Le 16 février 2009, à Stamford (Connecticut), un drame rarissime a mené à un parcours de reconstruction médicale hors norme. (Stamford Advocate)
Le 16 février 2009, les services d’urgence de Stamford, au Connecticut, reçoivent un appel complètement surréaliste. Au bout du fil, Sandra Herold panique : sa proche Charla Nash serait en train d’être attaquée par Travis, le chimpanzé qu’elle gardait à la maison.
Dans l’urgence, elle supplie qu’on envoie la police tout de suite — et surtout, qu’ils arrivent armés. Sur l’enregistrement, on comprend vite que la situation est hors de contrôle.
Quand les secours arrivent, Charla Nash est grièvement blessée. La police finira par abattre Travis pour mettre fin à l’attaque. (Stamford Advocate)
Une vie à reconstruire

Charla Nash survit, mais sa vie bascule. Son parcours médical devient l’un des plus marquants de la décennie : des opérations à répétition, une réadaptation immense, et un quotidien qui ne sera plus jamais le même.
En 2011, elle subit une chirurgie exceptionnelle à l’hôpital Brigham and Women’s (Boston) : une greffe complète du visage. Une double greffe des mains est aussi tentée, mais les greffons ne “prennent” pas et doivent être retirés. (WBUR)

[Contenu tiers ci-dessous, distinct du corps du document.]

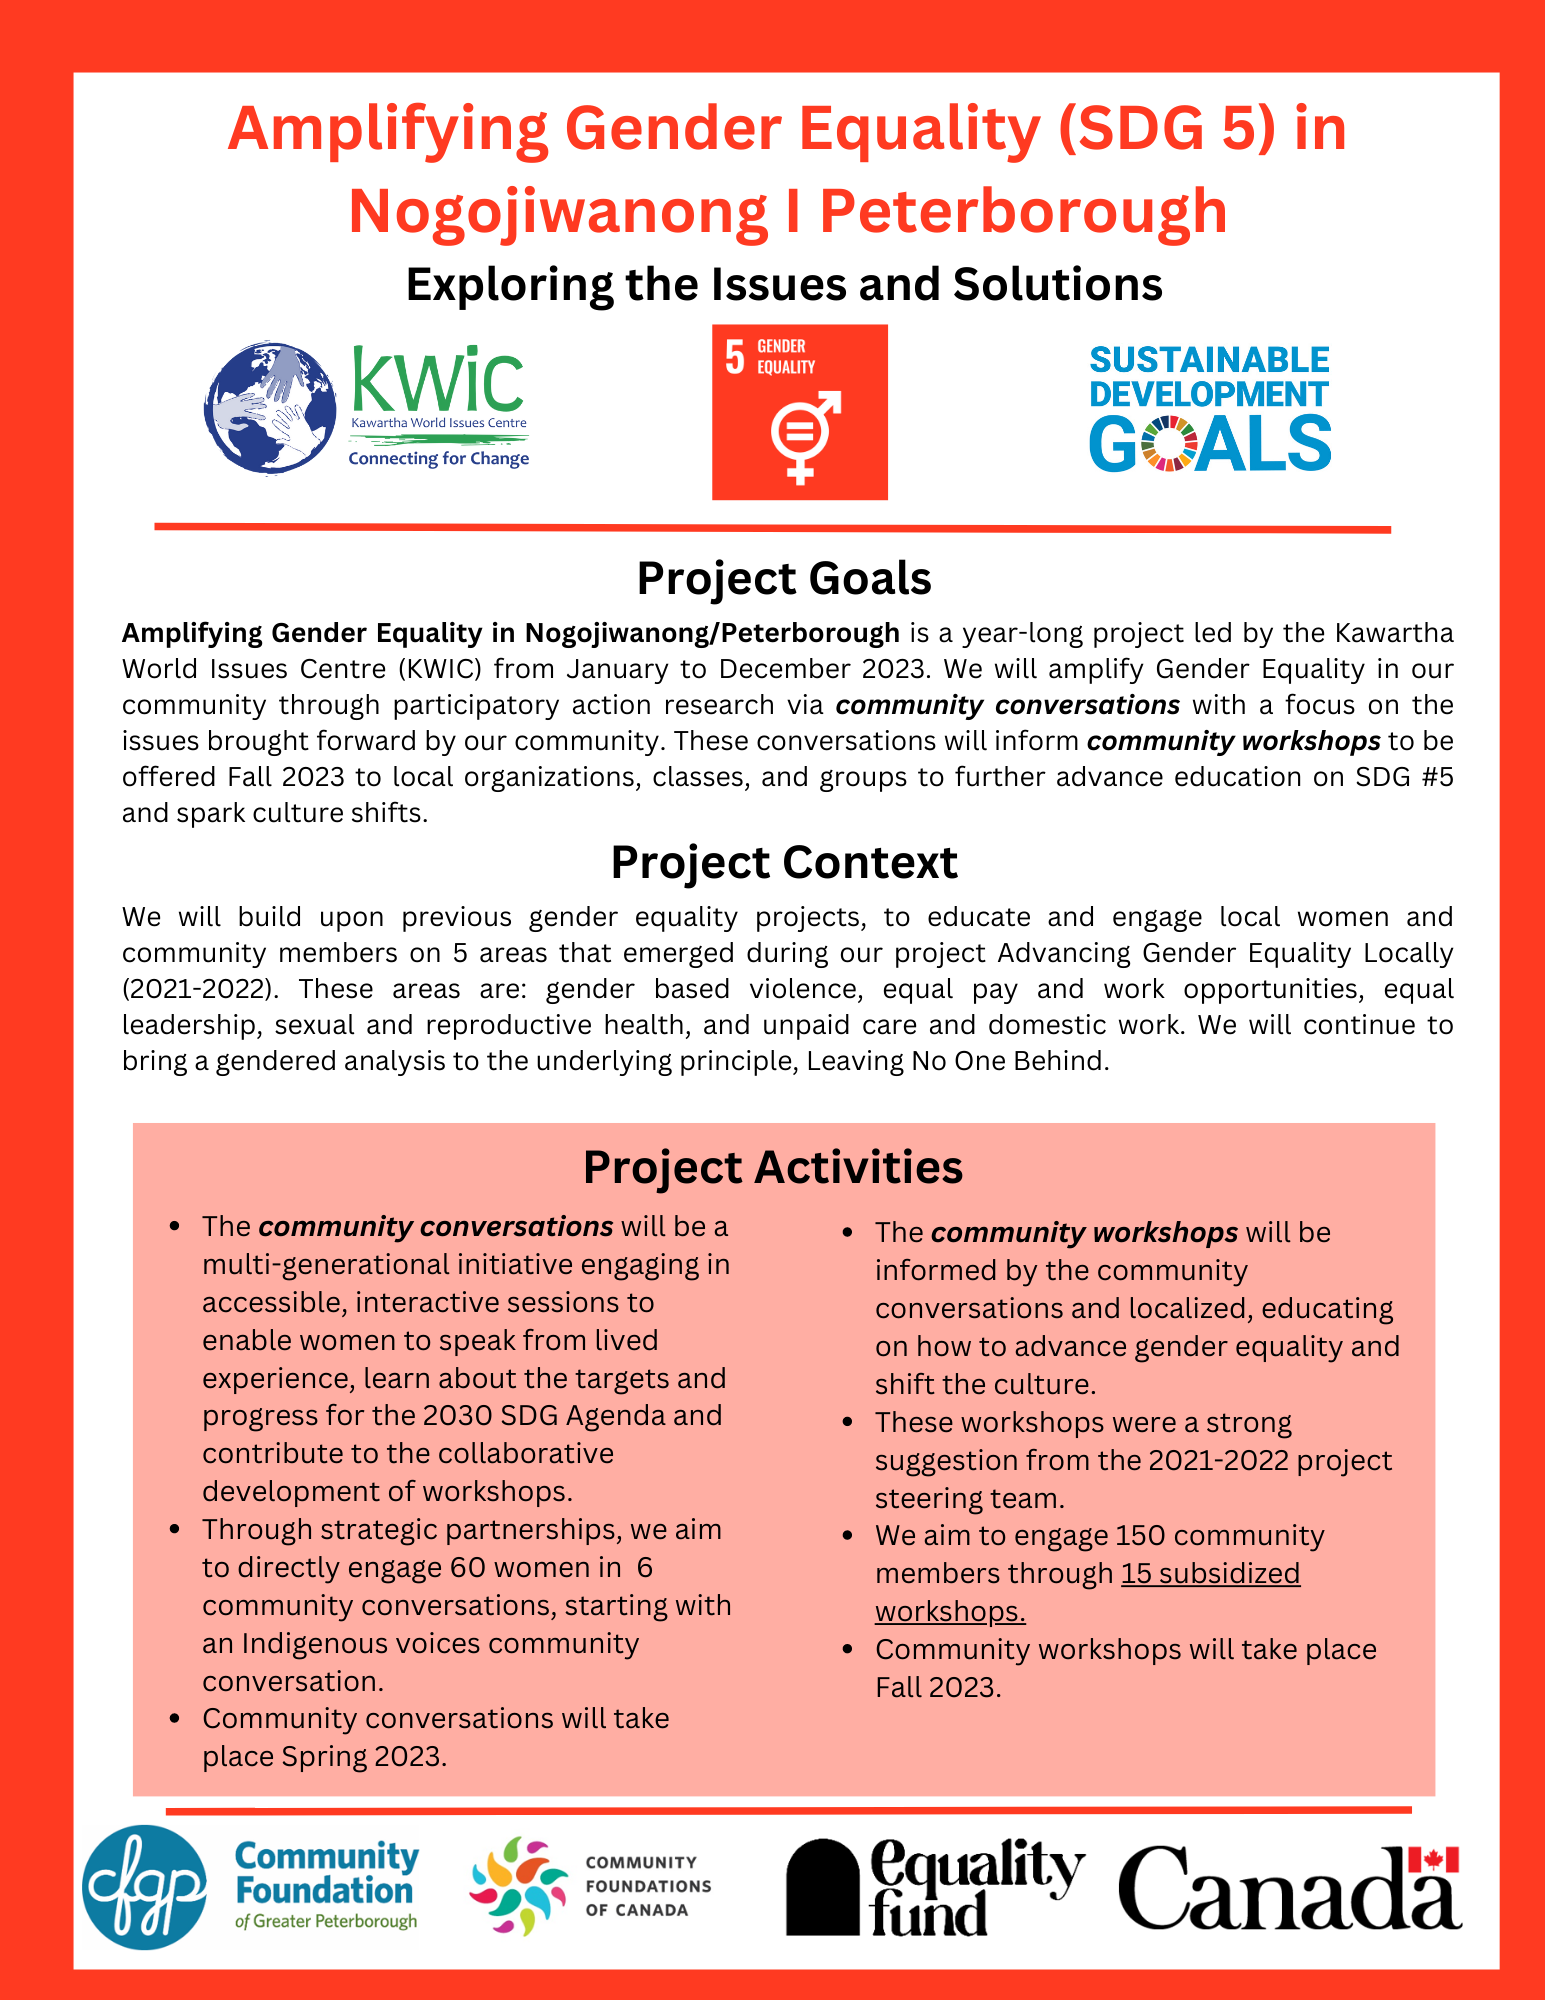 First page of a document explaining the project background information
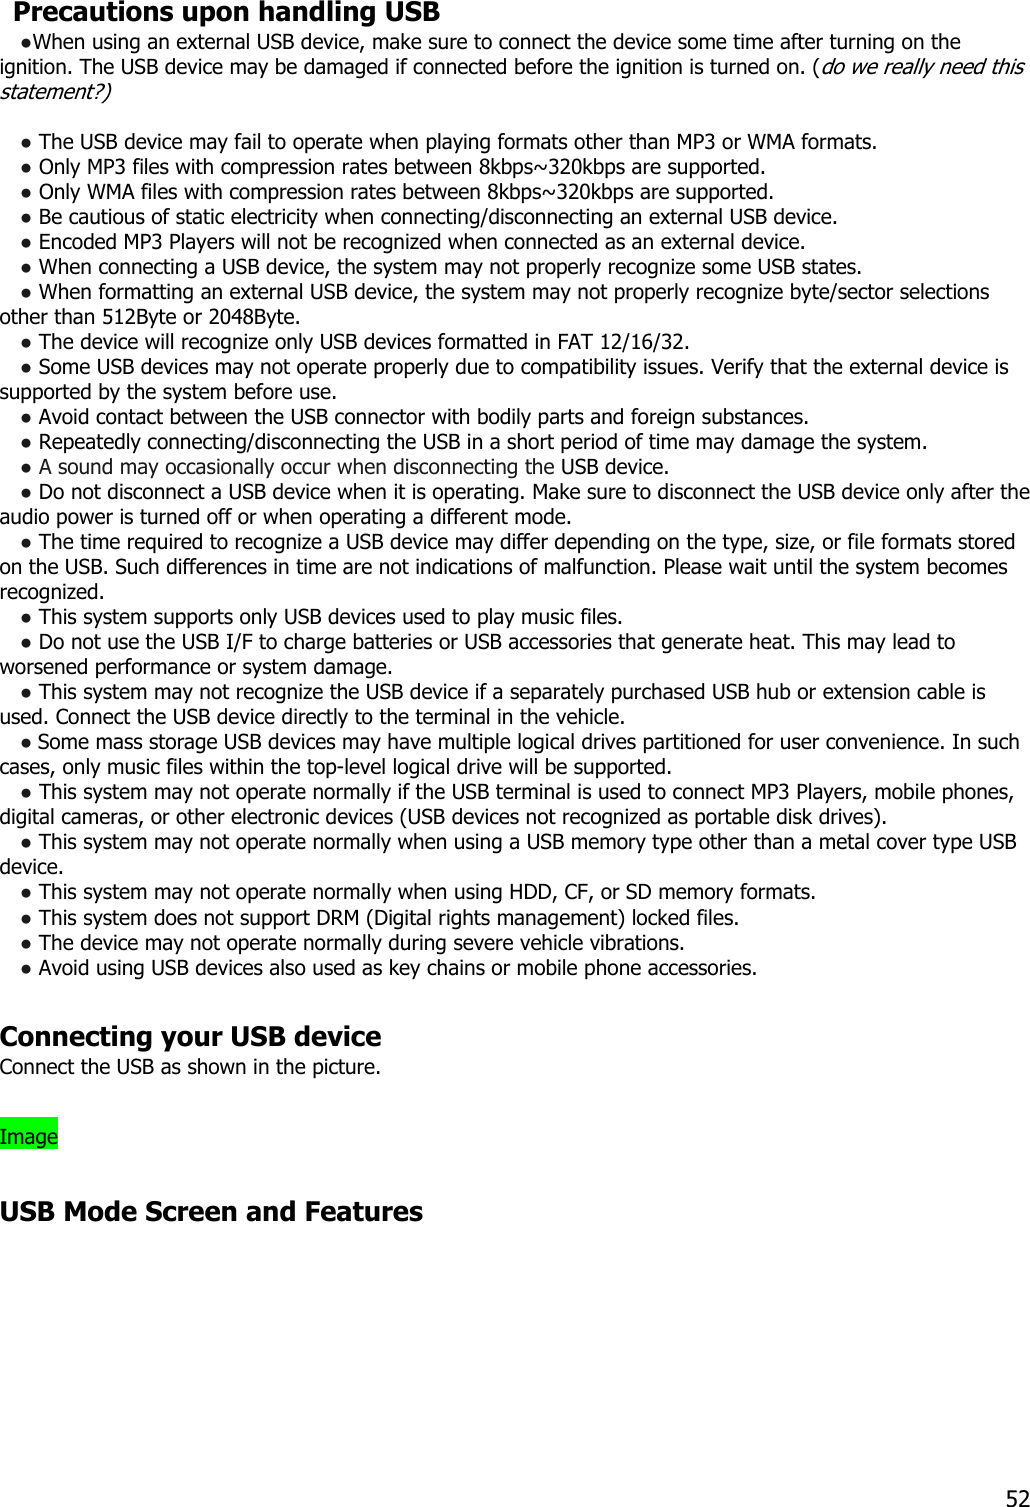   Precautions upon handling USB ●When using an external USB device, make sure to connect the device some time after turning on the ignition. The USB device may be damaged if connected before the ignition is turned on. (do we really need this statement?)   ● The USB device may fail to operate when playing formats other than MP3 or WMA formats. ● Only MP3 files with compression rates between 8kbps~320kbps are supported. ● Only WMA files with compression rates between 8kbps~320kbps are supported. ● Be cautious of static electricity when connecting/disconnecting an external USB device. ● Encoded MP3 Players will not be recognized when connected as an external device. ● When connecting a USB device, the system may not properly recognize some USB states. ● When formatting an external USB device, the system may not properly recognize byte/sector selections other than 512Byte or 2048Byte. ● The device will recognize only USB devices formatted in FAT 12/16/32. ● Some USB devices may not operate properly due to compatibility issues. Verify that the external device is supported by the system before use. ● Avoid contact between the USB connector with bodily parts and foreign substances. ● Repeatedly connecting/disconnecting the USB in a short period of time may damage the system. ● A sound may occasionally occur when disconnecting the USB device. ● Do not disconnect a USB device when it is operating. Make sure to disconnect the USB device only after the audio power is turned off or when operating a different mode.   ● The time required to recognize a USB device may differ depending on the type, size, or file formats stored on the USB. Such differences in time are not indications of malfunction. Please wait until the system becomes recognized. ● This system supports only USB devices used to play music files. ● Do not use the USB I/F to charge batteries or USB accessories that generate heat. This may lead to worsened performance or system damage. ● This system may not recognize the USB device if a separately purchased USB hub or extension cable is used. Connect the USB device directly to the terminal in the vehicle. ● Some mass storage USB devices may have multiple logical drives partitioned for user convenience. In such cases, only music files within the top-level logical drive will be supported.   ● This system may not operate normally if the USB terminal is used to connect MP3 Players, mobile phones, digital cameras, or other electronic devices (USB devices not recognized as portable disk drives). ● This system may not operate normally when using a USB memory type other than a metal cover type USB device. ● This system may not operate normally when using HDD, CF, or SD memory formats. ● This system does not support DRM (Digital rights management) locked files. ● The device may not operate normally during severe vehicle vibrations.   ● Avoid using USB devices also used as key chains or mobile phone accessories.    Connecting your USB device Connect the USB as shown in the picture.  Image  USB Mode Screen and Features  52

Même des années plus tard, le chemin reste fragile : en 2016, Charla Nash est notamment hospitalisée lors d’un épisode de rejet, dans le cadre d’un suivi médical lié à ses traitements anti-rejet. (TIME)

Pourquoi cette histoire marque encore autant?
Parce qu’au-delà du fait divers, c’est un récit de survie, de médecine de pointe et de résilience. Et surtout, un rappel brutal : même un animal “familier”, même connu, peut devenir imprévisible.